You are using the wrong id in <HasPriorityOverFileFormatID>467</HasPriorityOverFileFormatID>!

You should be using the file format id, not a signature id. "467" is a signature id of x-fmt/80, but its file format id is actually "122". If you change this, the erroneous matches should disappear.

Just to clarify my understanding of your results, are you saying that (discounting the erroneous x-fmt/80 matches), all jpgs were identified correctly without EOF markers?

Yupe - that was the issue - thanks - I had the wrong ID associated.

 

Here is the ammended XML: http://dl.dropbox.com/u/59534857/DROID_SignatureFile_V55_no_jpeg_EOF_v5.xml

 

 

Are you saying that without EOF markers, you get x-fmt/80 matches, but with them you don't? Because that doesn't make any sense to me, given how the DROID algorithm works (or is supposed to work).

DROID checks each file against all the signatures, recording if any of them matched. Matches are only ever removed if a higher priority file format is also detected. Given there were not originally priority relationships with xfmt/80, then if xfmt/80 could possibly match, it should have already appeared, in fact regardless of whether the fmt/42, 43 and 44 signatures also matched, or indeed were present at all.

What am I missing here?

Ok, further digging - what you are missing is that with the vanilla v55 sig file, these files get the dual ID..... These files come from a big pile of files that I pulled from our system based on their PUID, ignoring that we actually do some filtering POST DROID ID, so this issue would have been filtered at, and these objects transparently assigned the fmt/44 PUID.

The dual ID is expected for these files, and the x-fmt/80 ID occurs as a false positive hit for the x-fmt/80 pattern. I have 20 files that have this match (0x 11 01 @ offset 522).  All from the same producer, so it looks like the MD written by PS7 in this case is triggering this FP.

Better summary of my tests - adding the [hasProriityOver] element beneficially refines the fmt/44 signature regardless of any EOF changes. 

The removal of the EOF has no impact on the ID my test jpg files (with previously asserted PUIDS) but does allow the accurate ID of jpgs with data after the EOI marker.

andy jackson's picture

We've seen some similar problems, both with PDFs and JPEG2000s. In the former case, there is some variation in how the PDFs are closed, but this variation has no effect on the interpretation of the item (as in your JPG case here) - I think the DROID signatures were modified to take the variation into account. In the latter case, we had JP2 files that had been accidentally damaged in such a way that most of the damaged files would fail to be identified as JP2 if the end-of-file marker was required.

In the PDF case, the EOF signature causes us to waste time dealing with exceptions that are completely harmless. In the JP2 case, we only want to know whether any given file is 'probably intended to be a JP2', so that we can run deeper analysis and validation upon it, and so the EOF signature gets in the way of this workflow.

Furthermore, as far as I can tell by manually inspecting the Droid signatures, I am aware of no cases where the EOF signature tells us anything more than the BOF signature - i.e. when ignoring the EOF signatures when a BOF signature is present does not alter the result.
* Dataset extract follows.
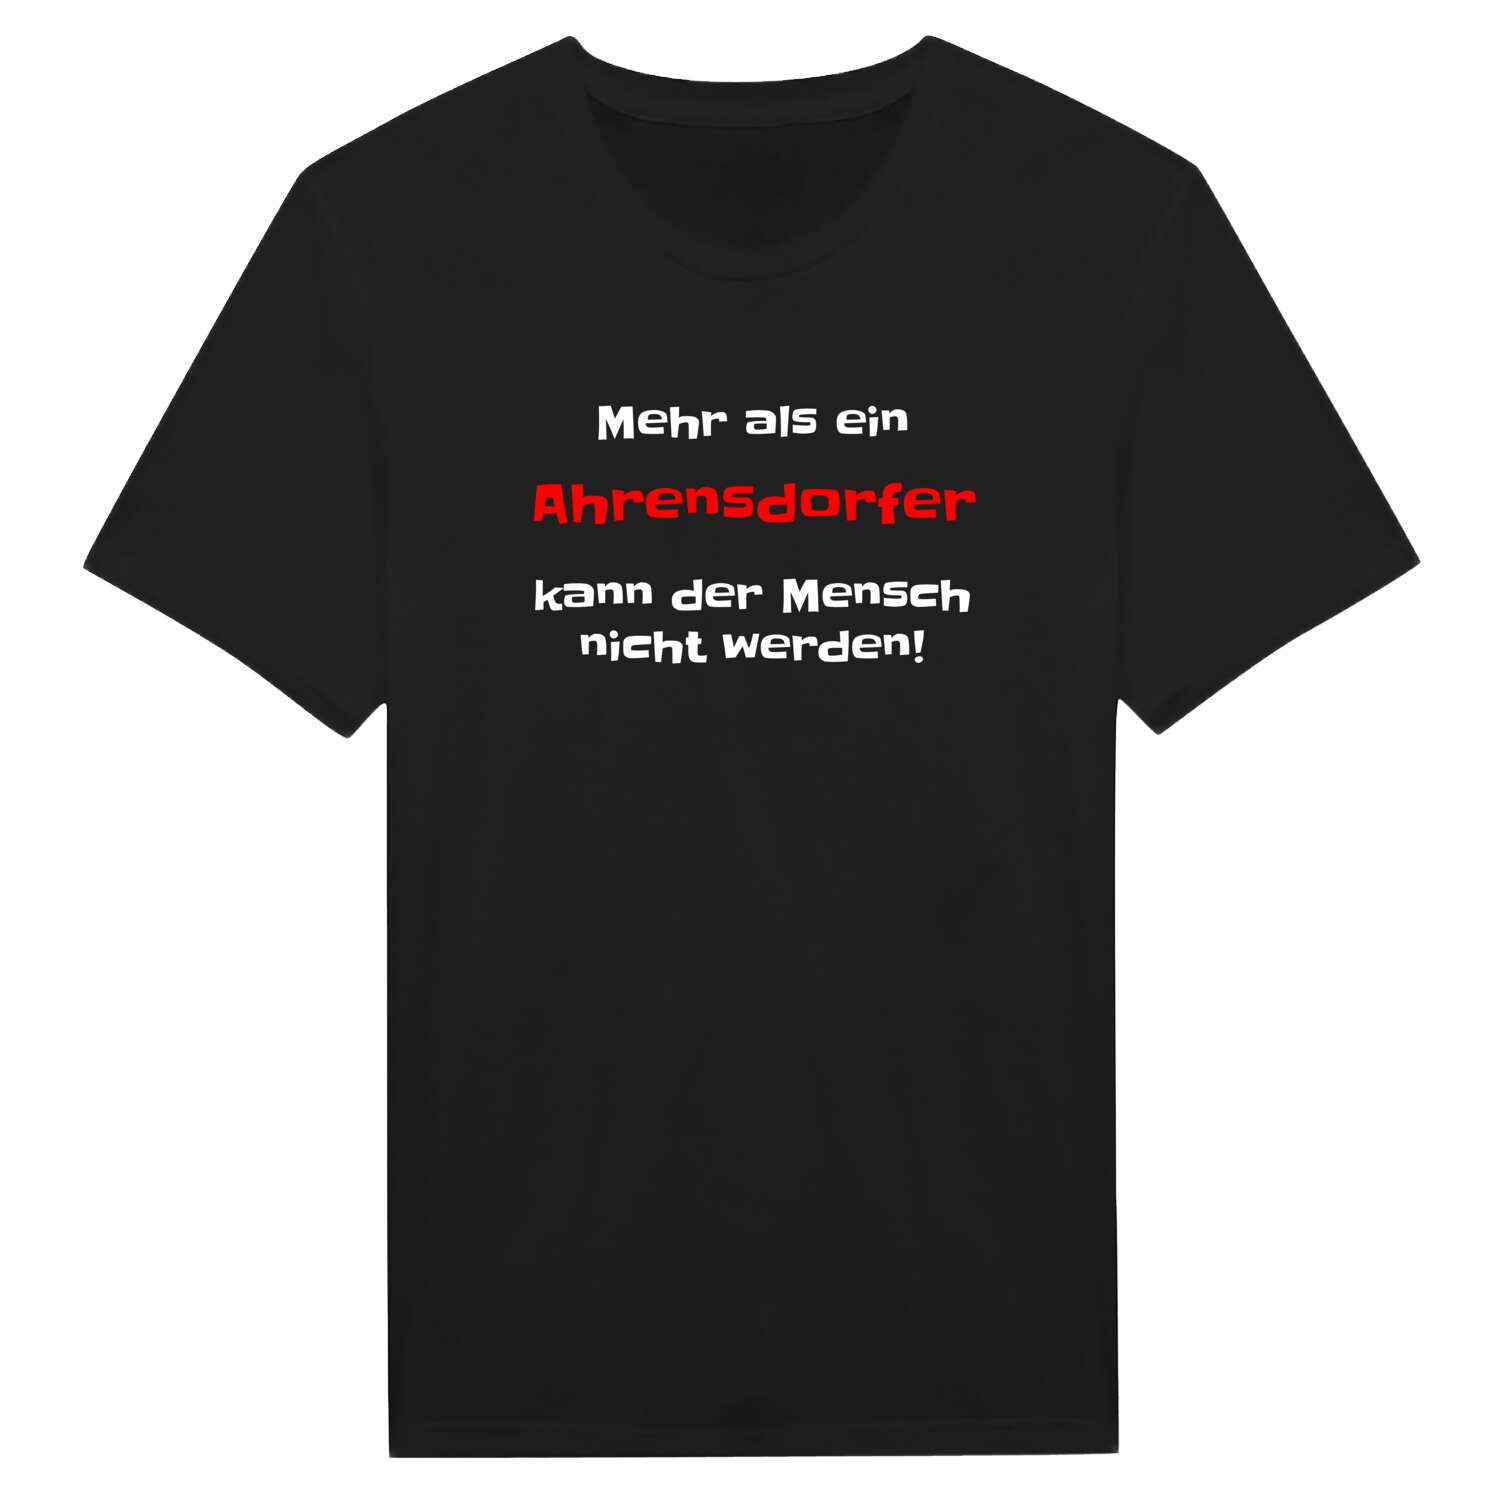 Ahrensdorf T-Shirt »Mehr als ein«

Neither am I aware of any cases where a format can only be identified using EOF signatures (certainly, there are no such signatures in v55 of the DROID signature file). Finally, it is interesting to note that two of the most widely-used identification tools, file and Apache Tika, only allow BOF signatures (and in fact, use just an 8K chunk from the start of the file). As they don't seem to be required, and in fact cause a range of problems, I currently consider EOF signatures to be actively harmful, and would rather we simple stopped using them.
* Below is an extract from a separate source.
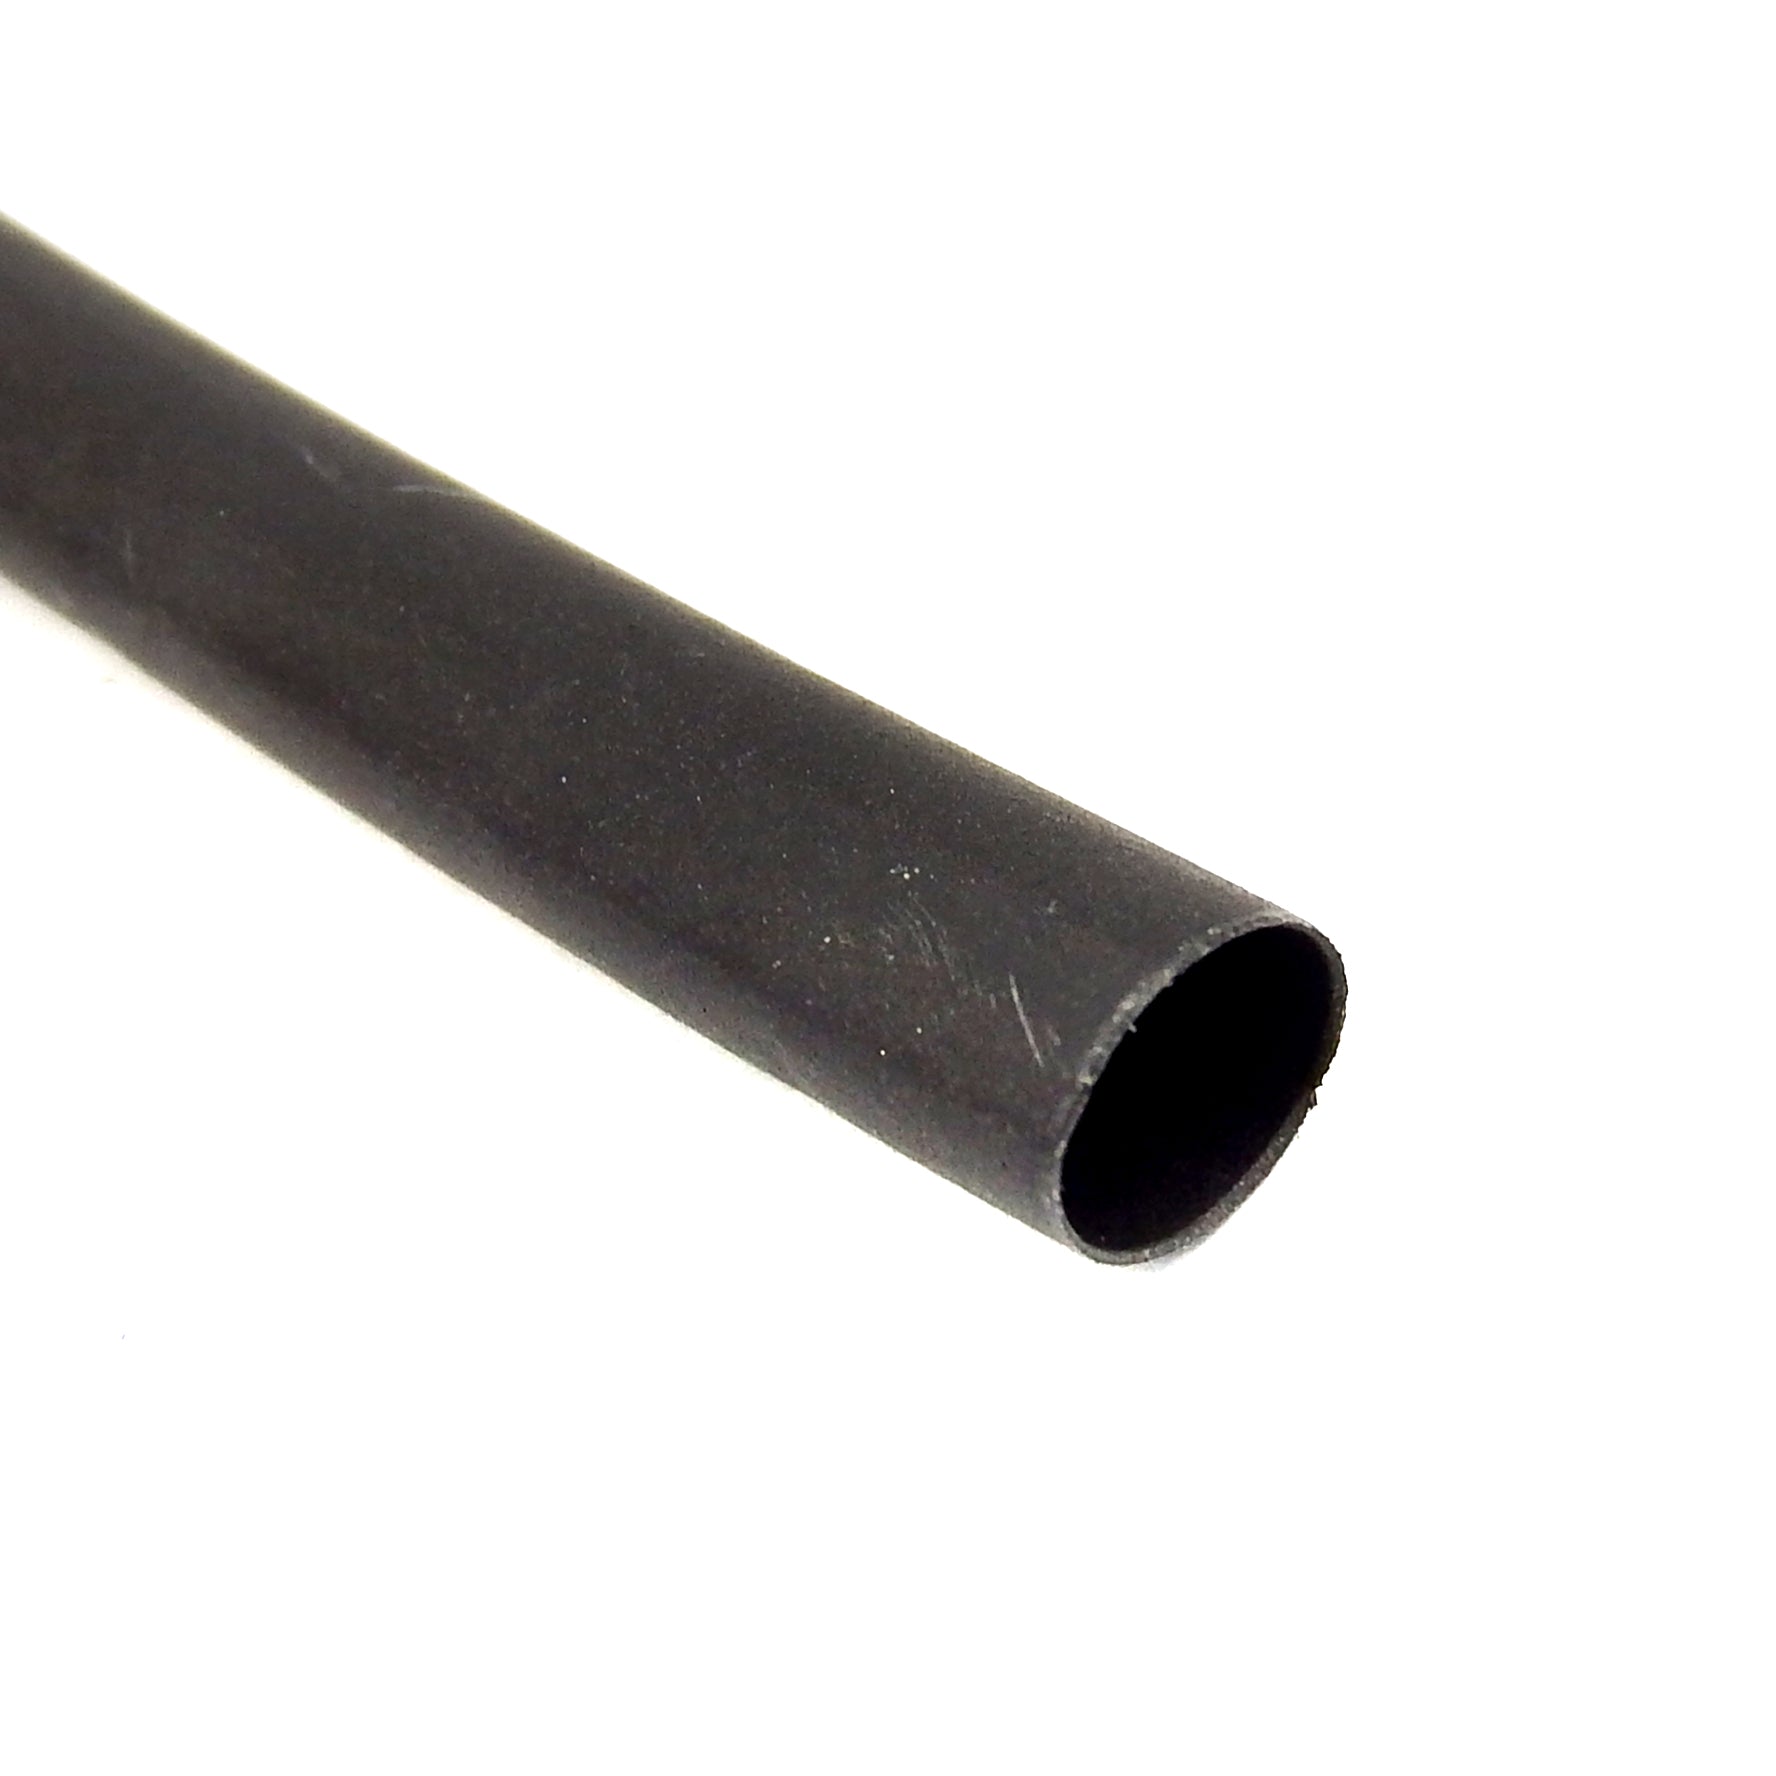 Heatshrink Electrical Sleeving 6.4mm Black Per M

Unless, of course, there are cases where EOF signatures are really needed?

I don't much like the EOF components of signatures either. I suspect they don't add much accuracy, but do involve scanning at the end of a file or stream. In the case where DROID has to work from compressed files, it only has a stream to work with, so it must read the entire stream in order to get to the end, just to read these EOF markers! Well, there are also some annoying signatures which only involve a variable length scan (no BOF or EOF offset) - which potentially can force a scan of the entire stream too (but there used to be only about 2 of those, for fairly uncommon formats, so it would be nice to be able to disable those if required).

I suspect that very frequently, they do not add any identification accuracy - and as we have seen, sometimes decrease it!
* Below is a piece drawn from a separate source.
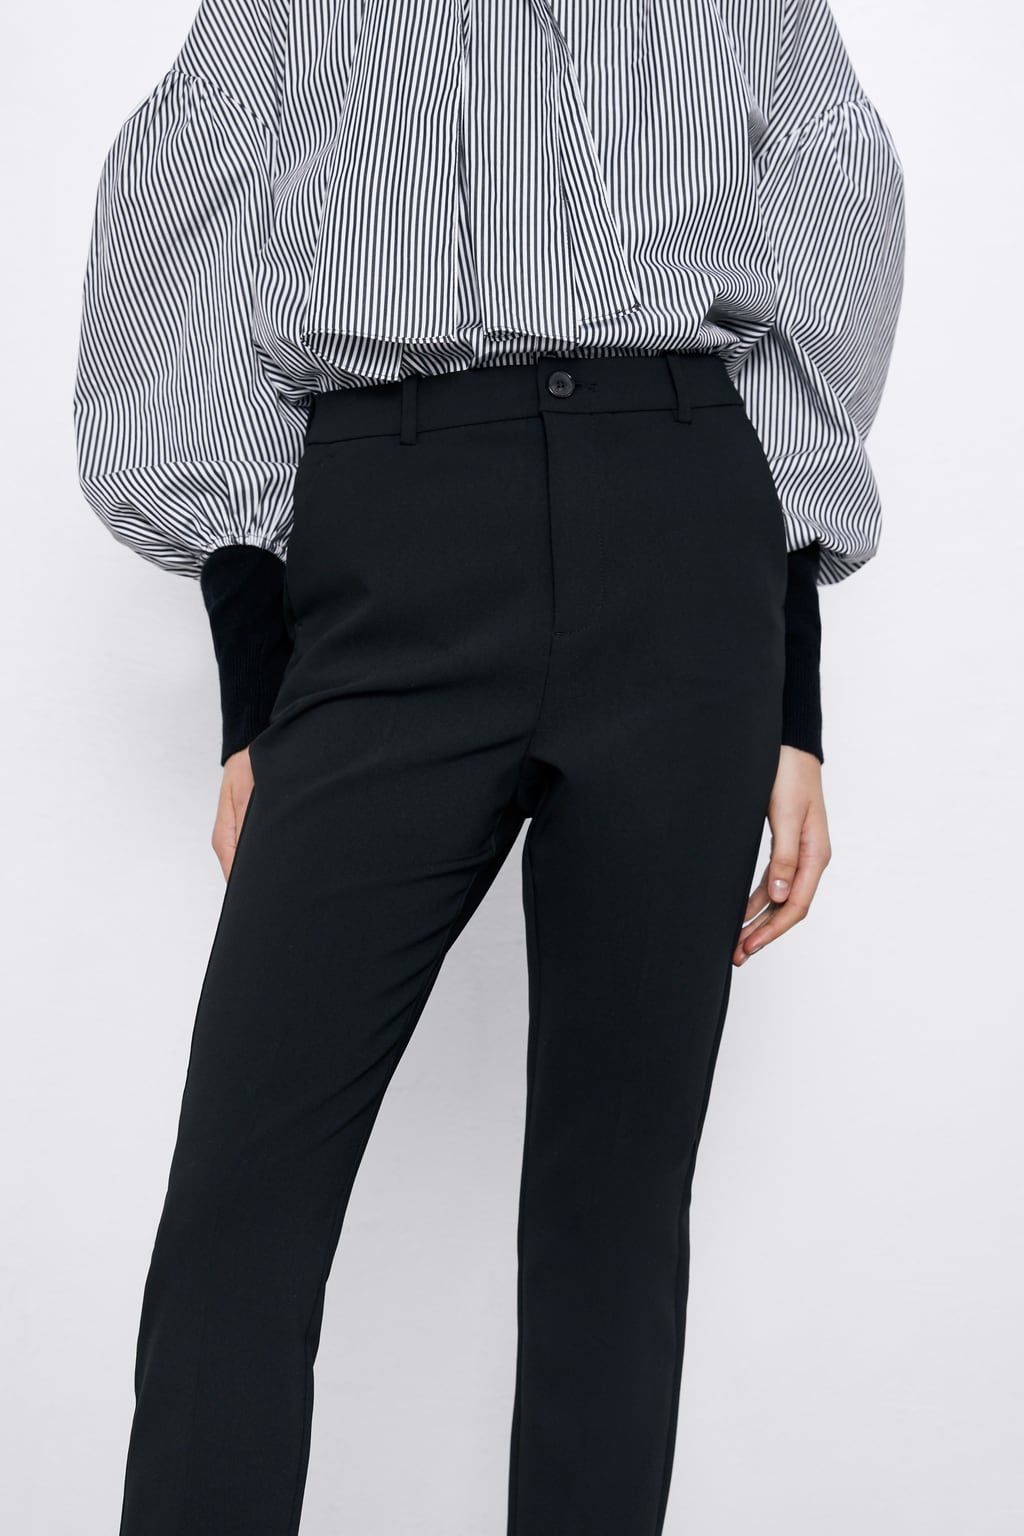 En Zara crean el pantalón de vestir negro que reduce una talla

It would be very interesting to strip out the <ByteSequence Reference="EOFoffset"> elements of the signatures from a signature file, and compare results with the original signature file, running over a fairly large corpus, of course.

If it turns out that the EOF byte sequences don't really affect identification accuracy, it would be an incredibly simple change for DROID to turn on or off running the EOF byte sequences (it already sorts the sequences to run all the BOF parts first, followed by the EOF parts for each signature).

This could be suggested for incorporation into DROID 7, by adding a new requirement to the wiki: http://droid7.wikispaces.com/

andy jackson's picture

I know some of the folks in the SCAPE project are currently running DROID over the govdocs1 corpus, so if we can construct a version of DROID that does not use EOF signatures then they'll probably be able to run a suitable test. I'll follow that up.

If that looks good, then adding a requirement to the DROID 7 wiki is an excellent idea. Thanks!

If you do edit a signature file to produce another version, and manually upload it into DROID, remember to also change the signature version in the file header, and in the file name to a different number. Probably best to pick a low number (e.g. version 2, so it won't conflict with any higher versions that may appear, and won't become the default highest version available to DROID. DROID may become confused about which file to run profiles with if this isn't done. And it becomes harder to remember which signature file was run over which set of files!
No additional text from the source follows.